[英]How to make pandas.read_excel with engine='openpyxl' behave like it did with xlrd, not showing nanoseconds by default?
We have a process that reads data in from an Excel.xlsx spreadsheet into a pandas DataFrame.我们有一个从 Excel.xlsx 电子表格中读取数据到 pandas DataFrame 的过程。 While trying to upgrade to the latest version (1.2.1) of pandas, I saw the following in the doc for pandas
read_excel
function for the engine
argument:在尝试升级到 pandas 的最新版本(1.2.1)时,我在 pandas
read_excel
function 的文档中看到了以下内容: engine
参数
- “openpyxl” supports newer Excel file formats.
“openpyxl”支持更新的 Excel 文件格式。
Changed in version 1.2.0: The engine xlrd now only supports old-style.xls files.
在 1.2.0 版更改: 引擎 xlrd 现在只支持 old-style.xls 文件。
So, I added engine='openpyxl'
to my read_excel
function call and started to see strange, new behavior, whereby datetime values now were showing nanoseconds by default, which wasn't the case with xlrd
.因此,我将
engine='openpyxl'
添加到我的read_excel
function 调用中,并开始看到奇怪的新行为,默认情况下 datetime 值现在显示纳秒,而xlrd
不是这种情况。 On top of that, I was seeing datetimes a bit off from the expected value seen in Excel by a few nanoseconds.最重要的是,我看到日期时间与 Excel 中看到的预期值相差几纳秒。 I saw the same thing with pandas 1.2.1 and also 1.1.4.

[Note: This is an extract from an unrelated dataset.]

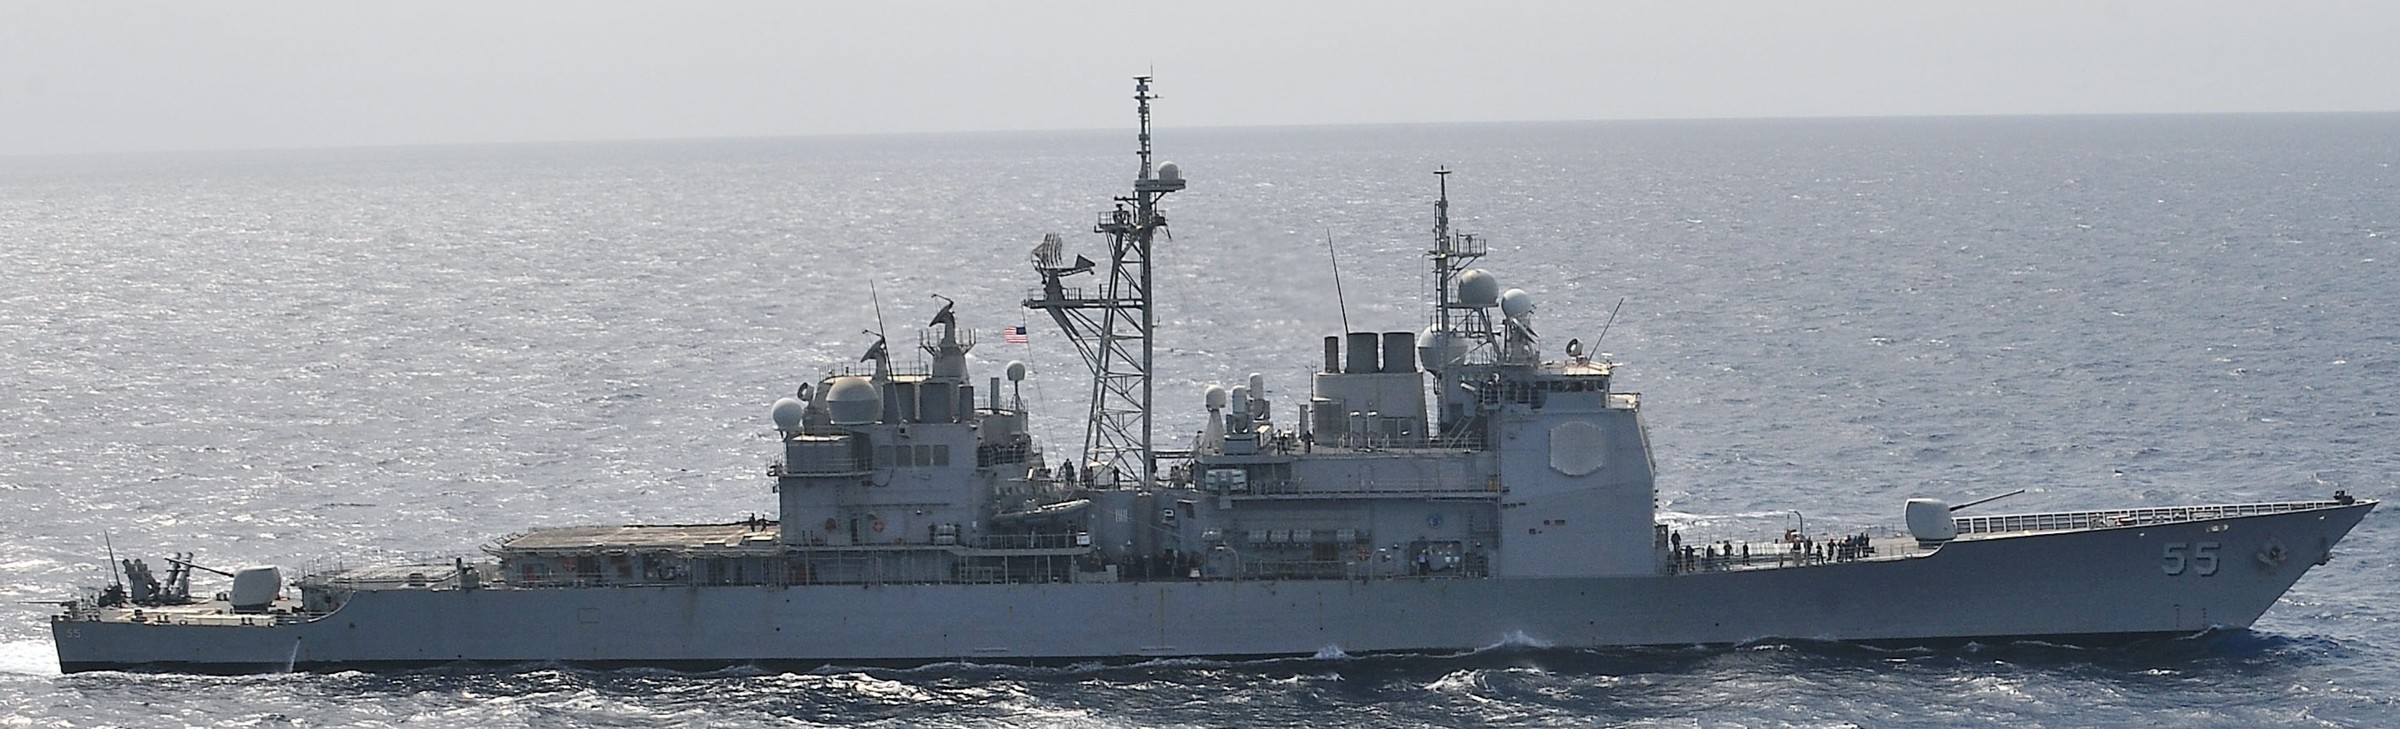 cg-55 uss leyte gulf ticonderoga class guided missile cruiser aegis us navy red sea 36
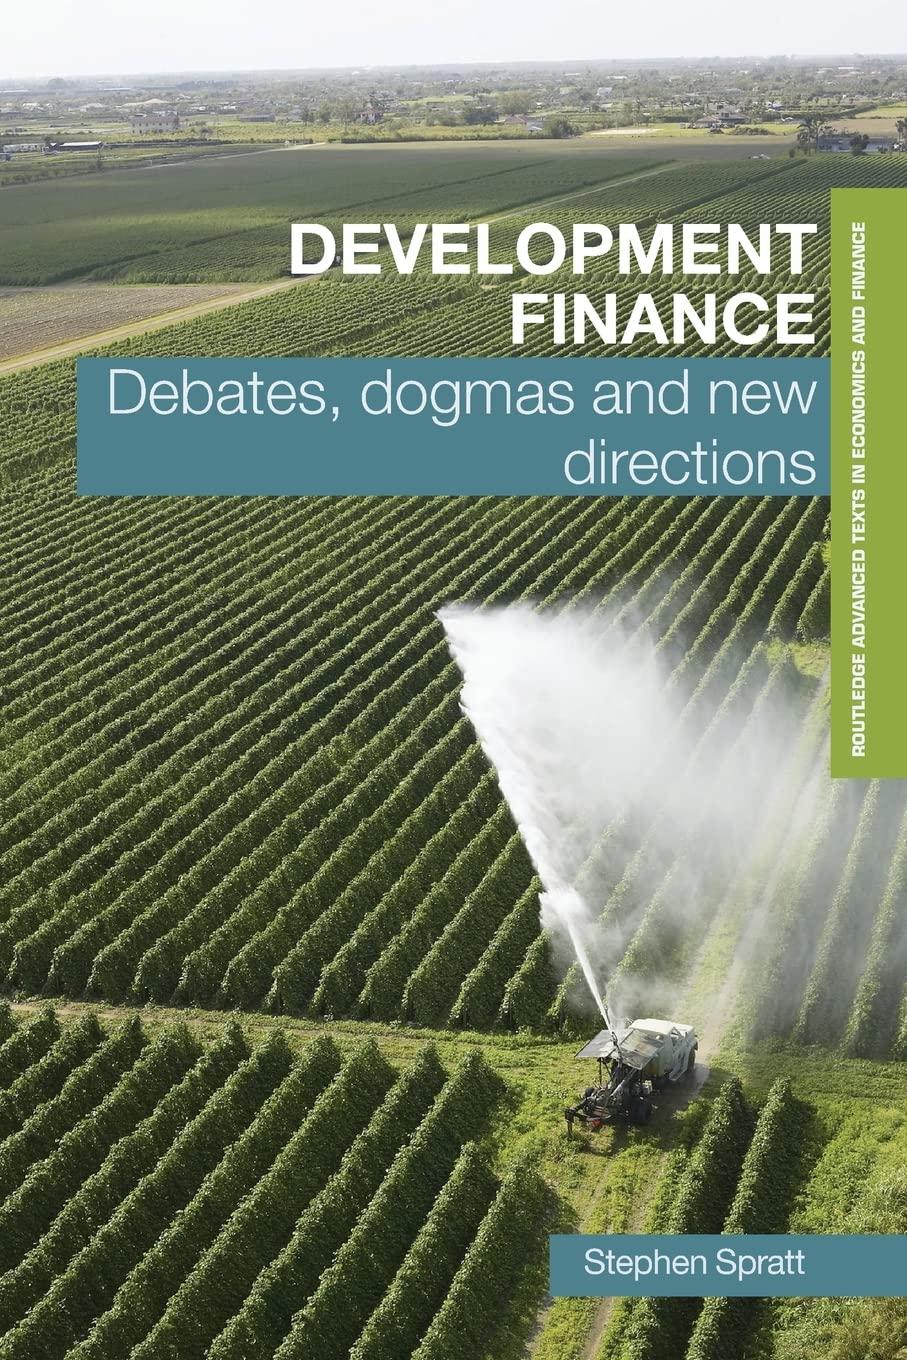 development finance debates dogmas and new directions 1st edition stephen spratt 0415423171, 978-0415423175

我在 pandas 1.2.1 和 1.1.4 上看到了同样的情况。
For the following Excel data (the raw values show as 44098.0416666667 for the 9/24 date and 44083.6847222222 for both 9/9 dates)对于以下 Excel 数据(9/24 日期的原始值显示为 44098.0416666667,9/9 日期的原始值显示为 44083.6847222222)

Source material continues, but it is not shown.